Do you mean linear regulators? It is going to be a battery operated device with a small 350mAh battery so, linear regulators wouldn't really be a good choice.

[MasterT]

I see. Your simplified version of circuits seems O'K for me. What I would add, is a small series resistor & cap at the output, though capacitance inside of the load may be enough to mitigate slow MOSFET response, 100-s nanosec or so.
See also reply #5 https://www.eevblog.com/forum/beginners/zener-failed-short/new/?topicseen#new

[bdunham7]

So, I need to implement the entire circuit for this to work? I was hoping I could just use the Over voltage disconnect part since the switcher I am using already has a soft start and current limiting feature and adding a PTC fuse would suffice. What would be a cheap way to implement a crude over voltage protection? Would is be possible to use just a TVS diode like woth ESD protection?

I would retain the gate clamp in an circuit specifically designed to deal with transient overloads and inductance.  Other than that I don't see why it wouldn't work on its own as you have drawn.
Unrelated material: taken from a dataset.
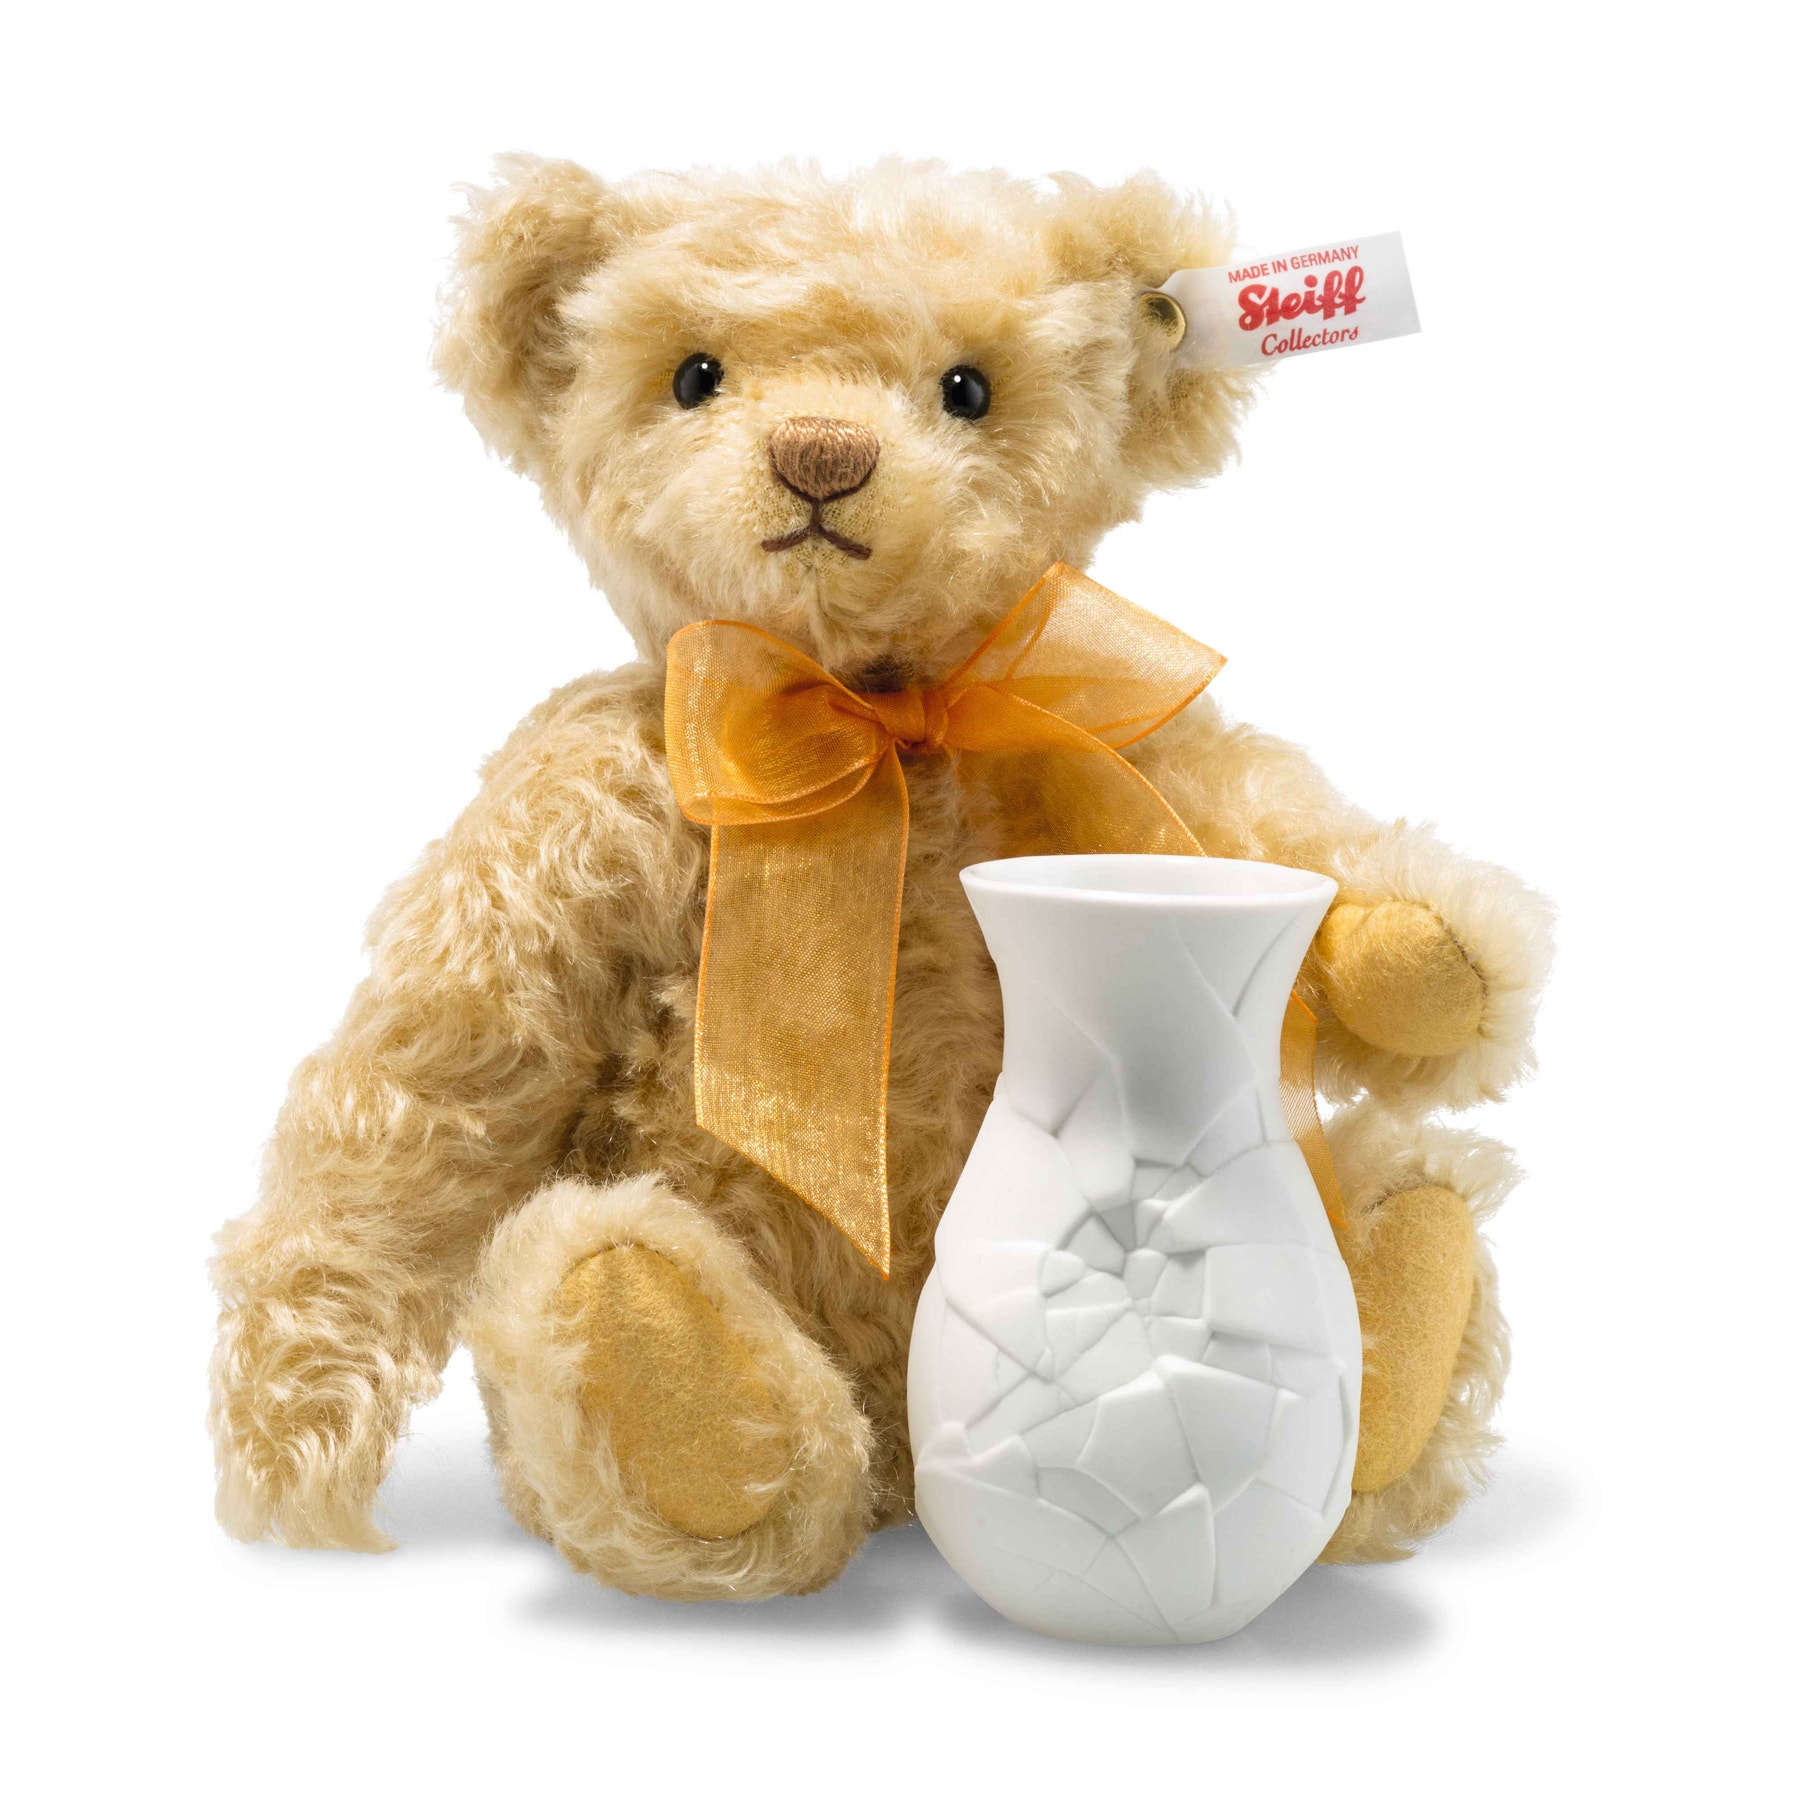 Sunflower Teddy bear with vase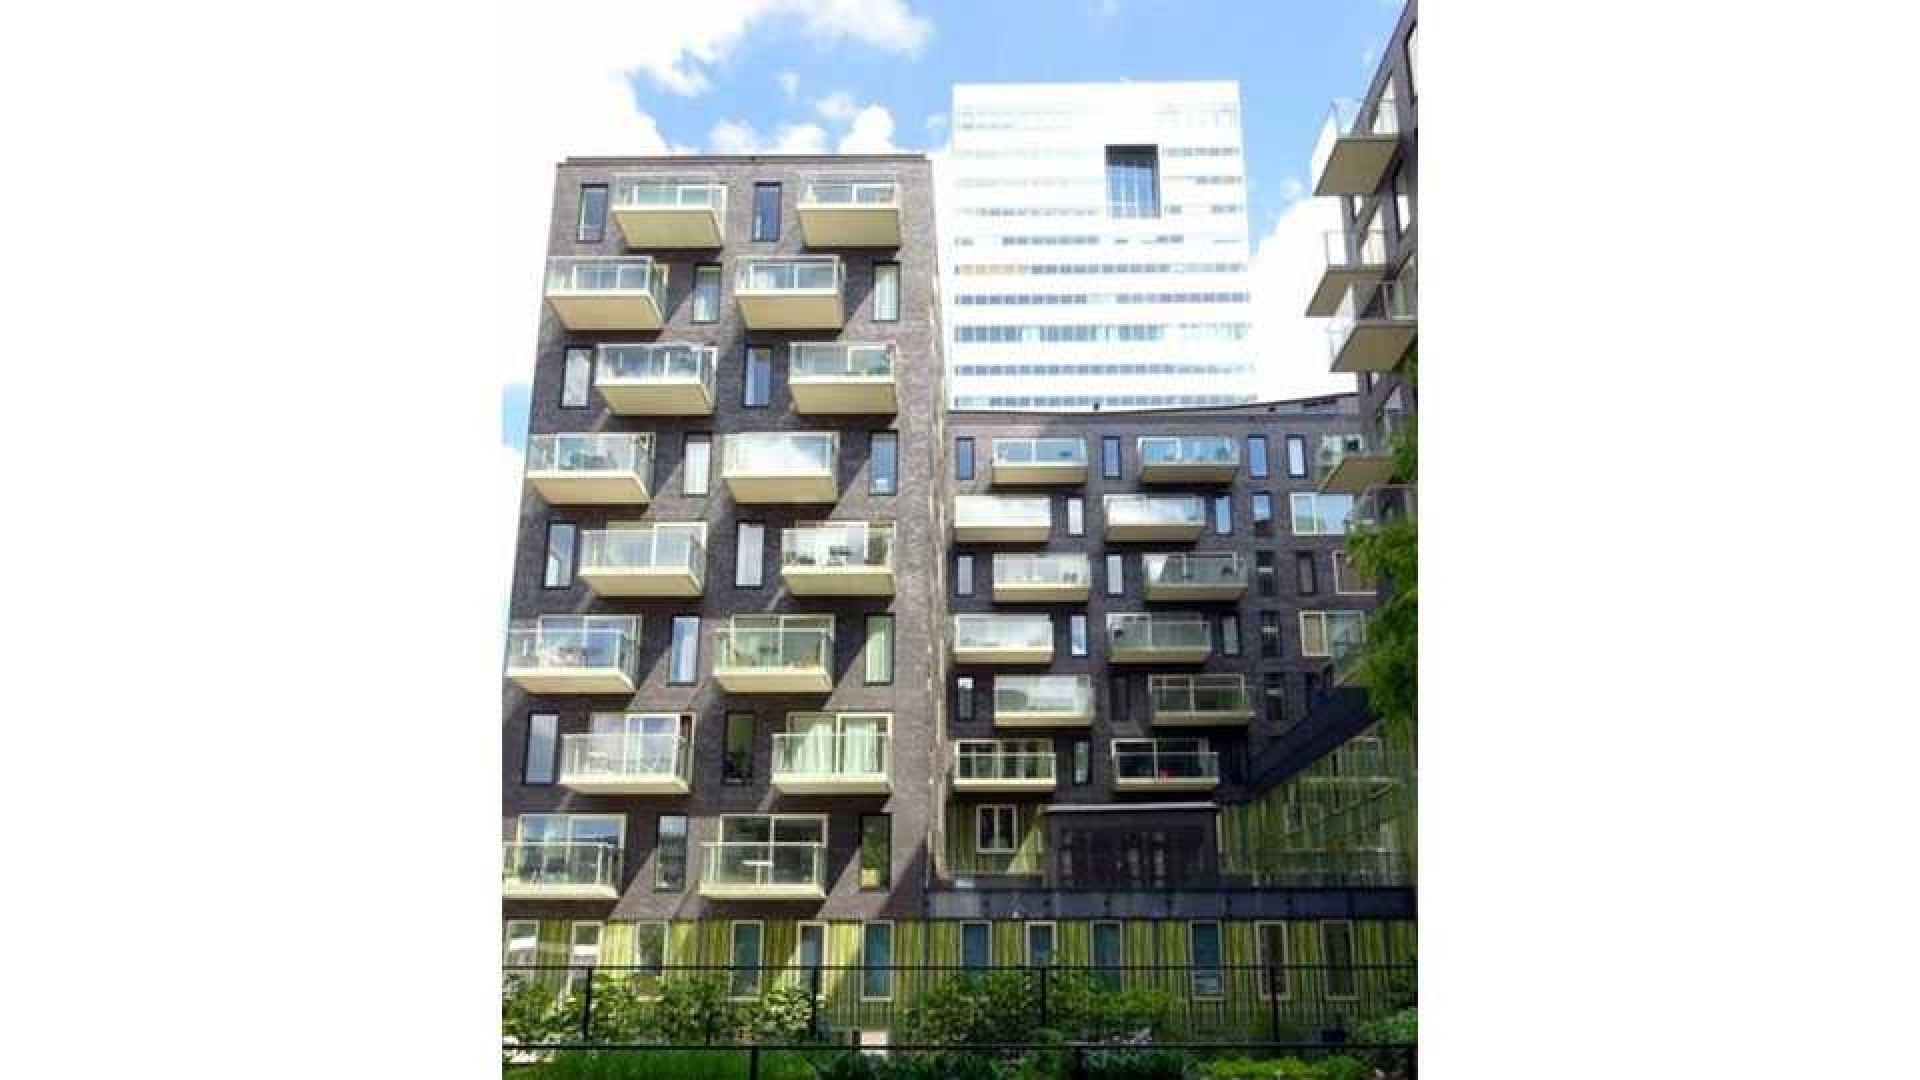 Ajax voetballer Joel Veltman huurt zeer luxe appartement aan de Zuid As in Amsterdam. Zie foto's 7

You can't use plain clamping like a TVS or zener crowbar in this situation unless you can use a resistor or PTC before it to limit the maximum input current.  If your device draws less than 1A, this might be feasible, but beyond that you'd need heavier duty clamping devices.

[PeteH]

I like the linear regulator idea...  Set it for 14 or 15V so it's in dropout. Get a low drop out one... It'll ride through transients and clamp (regulate its output). If it gets too hot it'll timeout. Self protected.... Nominally at 12 or 14 it'll have low power loss since it's fully enhanced....

[Muku]

Thank you everyone for your replies. My device draws 2.5 amps, 3 amps just to be safe but that for small period of time when it is operating. Most of the time it is in sleep mode. It is a 433Mhz radio module which transmits GPS location from on board GPS. It operates in legal power range but due to Li-ion battery charger and GPS receiver the current consumption adds up.

If I may ask what is purpose of the the gate clamp, is it to maintain the gate to source voltage so the mosfet is safe? and would removing the inrush current control be of any problem. I have 22uF ceramic cap on the input side of my switcher which is MP2617H buck converter with li-on charger.

In the above circuit if mosfet drain to source voltage is less than -40v than it would be destroyed? So, the maximum voltage the circuit can protect against is the drain-source voltage of the mosfet?

 

[Muku]

I like the linear regulator idea...  Set it for 14 or 15V so it's in dropout. Get a low drop out one... It'll ride through transients and clamp (regulate its output). If it gets too hot it'll timeout. Self protected.... Nominally at 12 or 14 it'll have low power loss since it's fully enhanced....

It would be great if I could use a Linear Regulator but the I have to drop the voltage to 4.2v and then 3.3v from 14v for everything to operate.